Dr. Malcolm Jeeves ponders the question of why the Greeks did not go further in their scientific pursuits in his book "The Scientific Breakthrough and the Christian Faith". He notes that the unique combination of Greek thought with a particular branch of Christianity, namely the Reformed faith, gave rise to modern science. Jeeves writes:

It was with the new discovery of the Bible and its new reading at the time of the Reformation ... that the impetus for the development of science was given. This new reading of the Bible, along with all that was best in Greek thought, was destined to create that critical mass that gave rise to the chain reaction that ultimately led to the scientific nuclear explosion that began in the 16th century – the century of the beginning of the scientific revolution, which has continued and is gaining momentum today.

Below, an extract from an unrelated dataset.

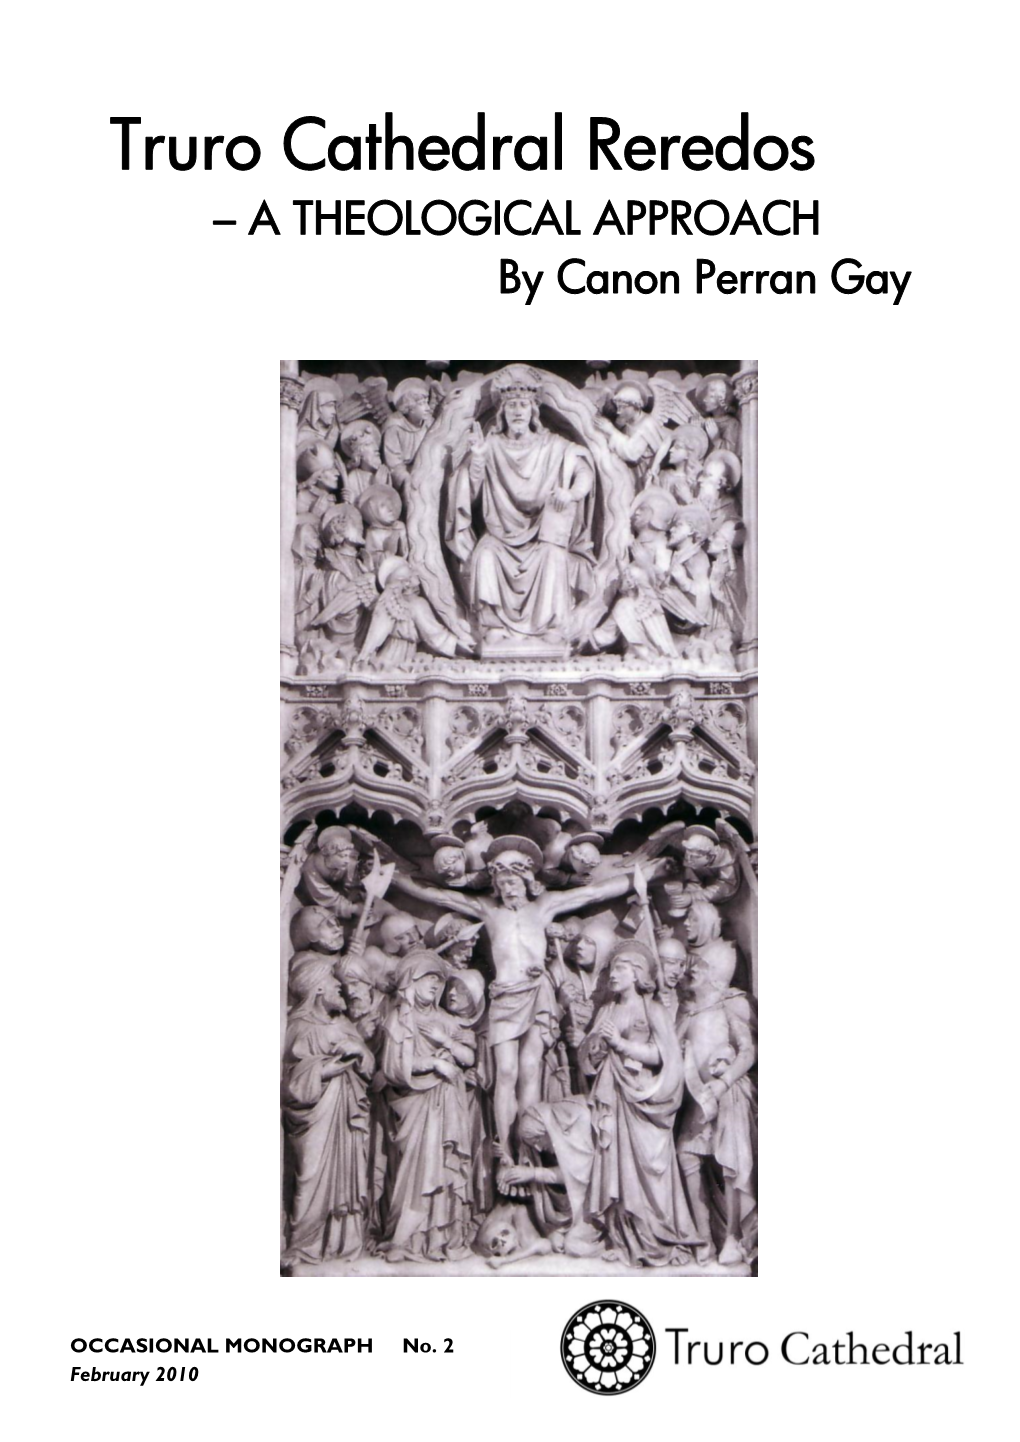 Truro Cathedral Reredos – a THEOLOGICAL APPROACH by Canon Perran Gay

Science could not arise and did not arise not only among the Greeks, but also among the Jewish people for the simple reason that for the Jews, as you remember from the Psalms, nature was simply a reason for the praise of the Creator. "The heavens declare the glory of God; the skies proclaim the work of his hands" (Psalm 18:2).

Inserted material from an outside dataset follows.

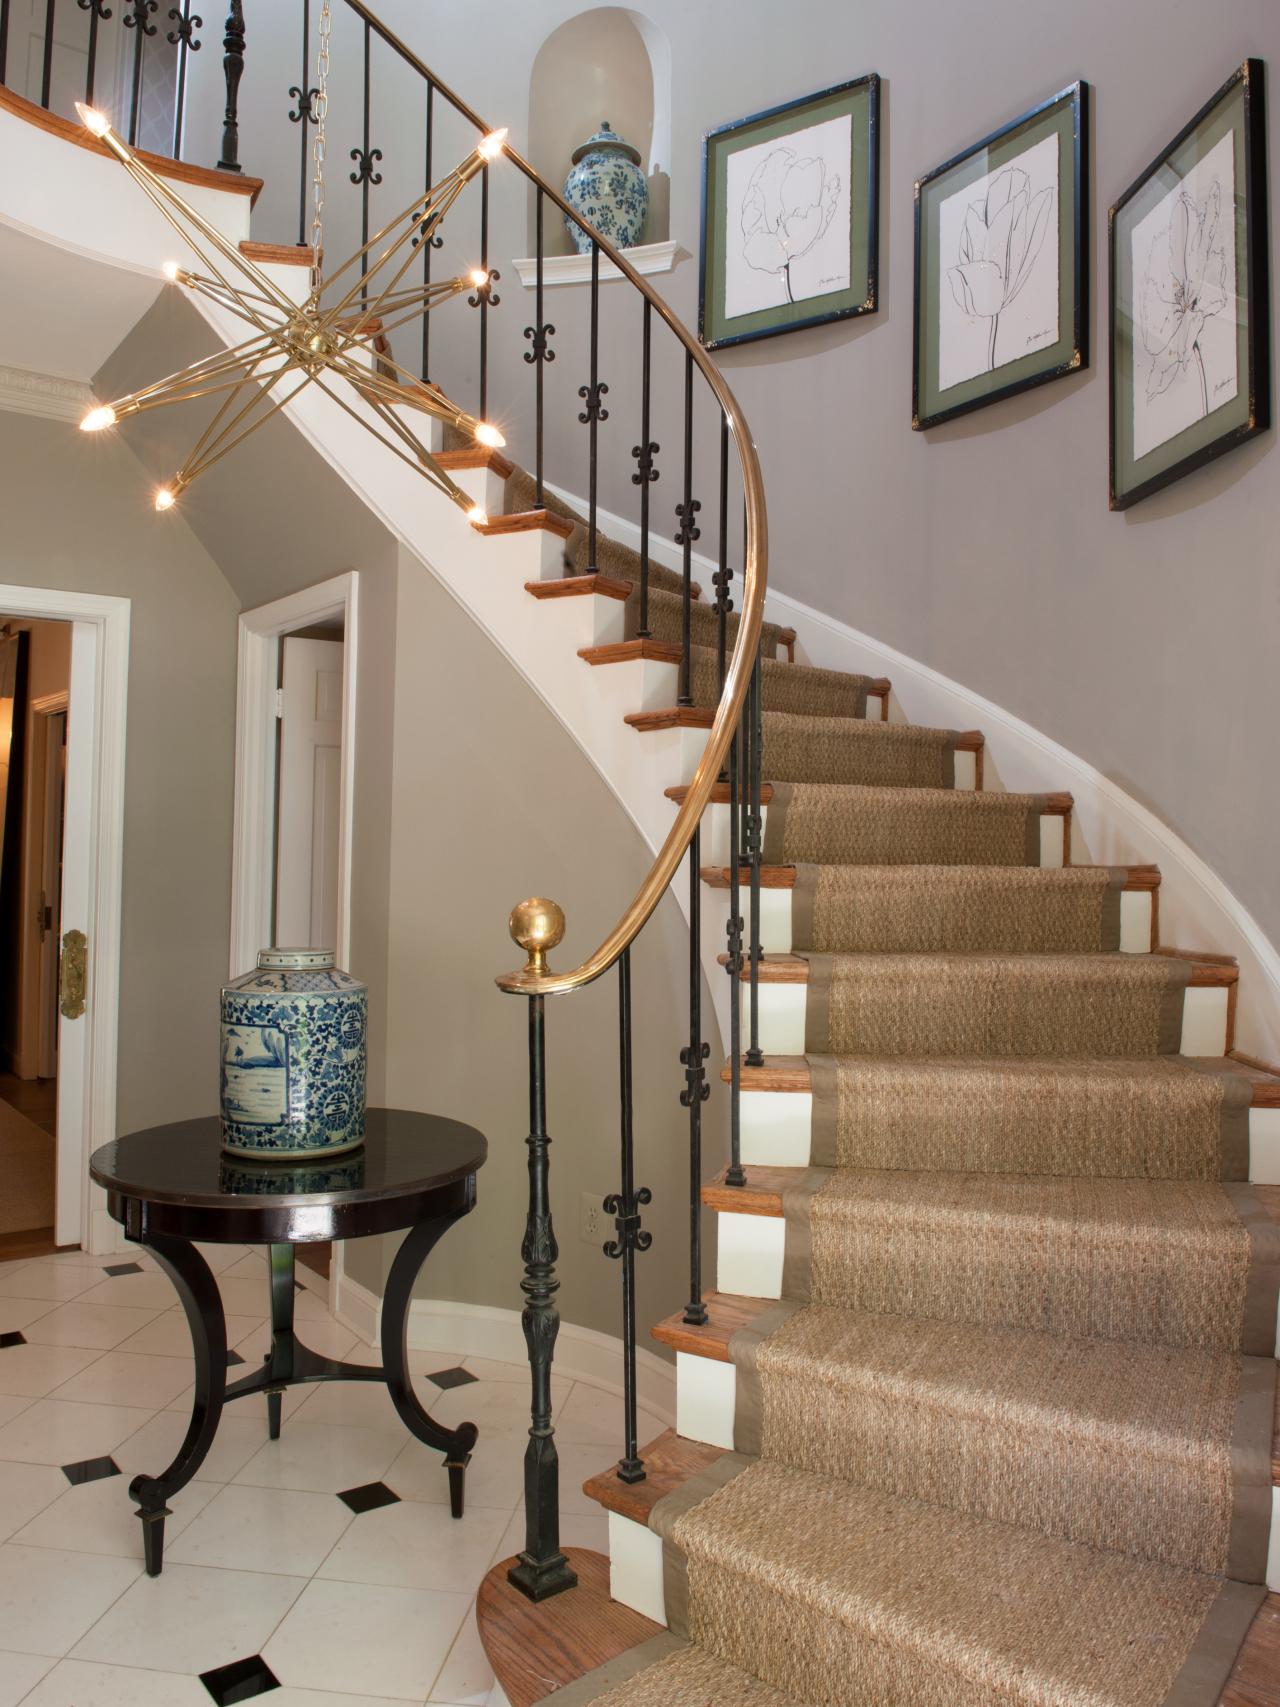 Designed by Matthew Moore, this winding staircase with a gold ...

Modern science could not arise among the Arabs either because of the Muslim religion. Aristotle's works, thought to have been lost to the Western world between about 500 and 1100, were preserved by the Arabs of North Africa and were returned to Europe in the 12th and 13th centuries. Unlike Plato, Aristotle's philosophy was more in line with a scientific approach to the study of nature, since it was based more on induction, while Platonic philosophy was based on a deductive way of thinking. Plato creates an ideal and then deduces all that exists from it. Aristotle, on the other hand, is more inclined to study the particular and then go to the general, to the principles that he induces from this particular. Due to the fact that the Arabs, including the Nestorian Christians, had access to Aristotelian thought, they generally made a greater contribution to the advancement of science in general and mathematics in particular than the Europeans in the Middle Ages. However, during all this time, the Arabs never created a single branch of scientific knowledge. And why? All this because of religion. Because of the fanaticism that prevails in the Muslim religion. If everything is fatalistically determined, then obviously there is no point in trying to influence the natural world in order to change something in it, since everything in it is unchangeable.
Science could never have arisen among the animists in Central or South Africa or any other part of the world, because they would never have begun to experiment with the natural world, because, according to their reasoning, gods or ancestral spirits live in everything - in stones, trees and animals.
Science could not have arisen in India among the Hindus, and in China among the Buddhists, because both Hinduism and Buddhism teach that the physical world is unreal, and that the only reality is the reality of the world soul, and therefore the great truth that everyone must grasp is the statement that the world is unreal. Accordingly, there is no point in wasting one's life studying something that is not reality in the first instance.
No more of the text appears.